The Rules of Civil Procedure apply to an action commenced in common pleas court pursuant to R.C. 4112.06. Abbyshire Constr. Co. v. Civil Rights Comm. (1974), 39 Ohio App.2d 125, 68 O.O.2d 319, 316 N.E.2d 893. R.C. 4112.06 is silent as to whether the petition initiating the appeal must be served through the clerk of courts. However, a de novo hearing of a Civil Rights Commission decision on the merits is clearly adversarial in nature. Therefore, Civ.R. 3(A) and Civ.R. 4(A) and (B) apply absent a good and sufficient reason not to apply those rules. We cannot find such good and sufficient reason.

*165Id. at 156.

{¶ 9} The same court reached a similar result years later in Donn, Inc. v. Ohio Civ. Rights Comm., 68 Ohio App.3d 561, 589 N.E.2d 110 (8th Dist.1991). In that case, the court specifically held that “R.C. 4112.06(B) requires that a notice of judicial review proceedings be served upon ‘all parties who appeared before the commission.’ Civ.R. 3 and 4 further provide that a civil action is commenced by the filing of a complaint with the court and service upon the defendant through the clerk of courts within one year of filing.” Id. at 565.
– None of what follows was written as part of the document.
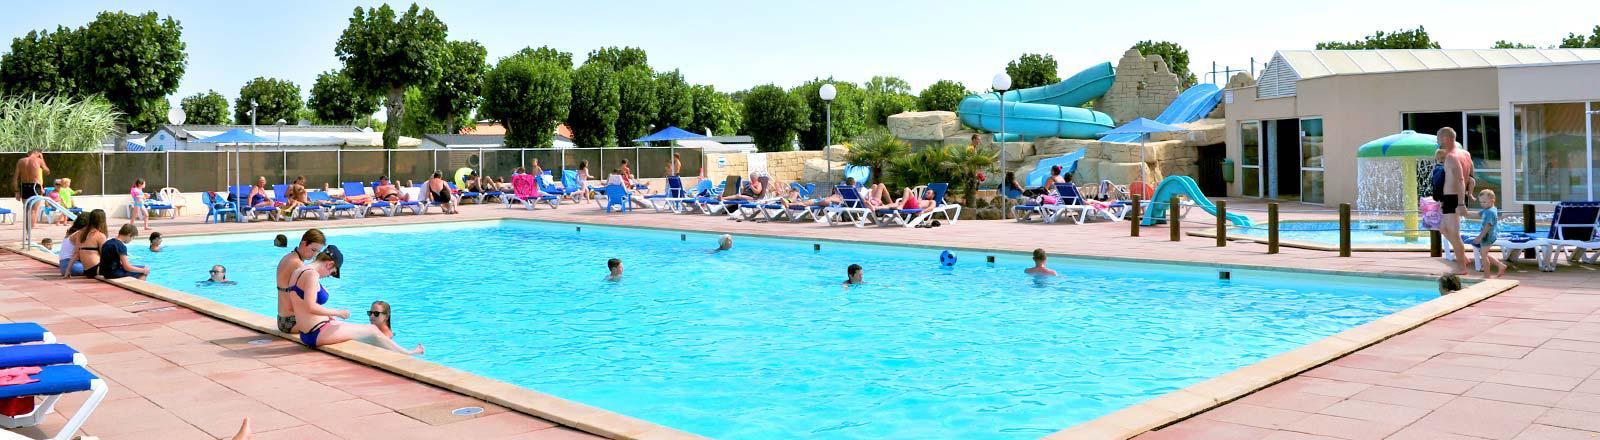 camping-vendee-avec-piscine-chauffee-bonnes-vacances-sarl

{¶ 10} The office of the clerk of courts exists for a reason. The use of a central office brings stability to the system. The judicial system and the public thus have a concrete method of knowing when a document has been filed, who has been served with that document, and how that document was served. As this court recently reasoned in Clermont Cty. Transp. Improvement Dist. v. Gator Milford, L.L.C., 141 Ohio St.3d 542, 2015-Ohio-241, 26 N.E.3d 806, ¶ 2, “actual knowledge” is never a substitute for service by the clerk of courts. Accordingly, the employer was required to perfect service through the clerk of courts within one year of the filing of the petition for judicial review of this administrative decision. The employer did so in this case. Once the notice of appeal was timely filed in the court of common pleas, the action should not have been dismissed by the common pleas court for failure of service. The employer, like all litigants, had one year to perfect service.

Conclusion

{¶ 11} Based upon the foregoing analysis, we agree with the conclusion reached by the court of appeals. The Rules of Civil Procedure apply to proceedings initiated pursuant to R.C. 4112.06; therefore, the petition for review of an order of the Civil Rights Commission must be served by a clerk of courts on all parties who appeared before the commission and on the commission itself within one year of the date that the petition was filed, as required by Civ.R. 3(A). Accordingly, we affirm the judgment of the Fifth District, and we remand the cause to the Stark County Common Pleas Court for further proceedings according to law and consistent with this opinion.

Judgment affirmed.

O’Connor, C.J., and Pfeifer and Lanzinger, JJ., concur. O’Donnell, Kennedy, and French, JJ., concur separately.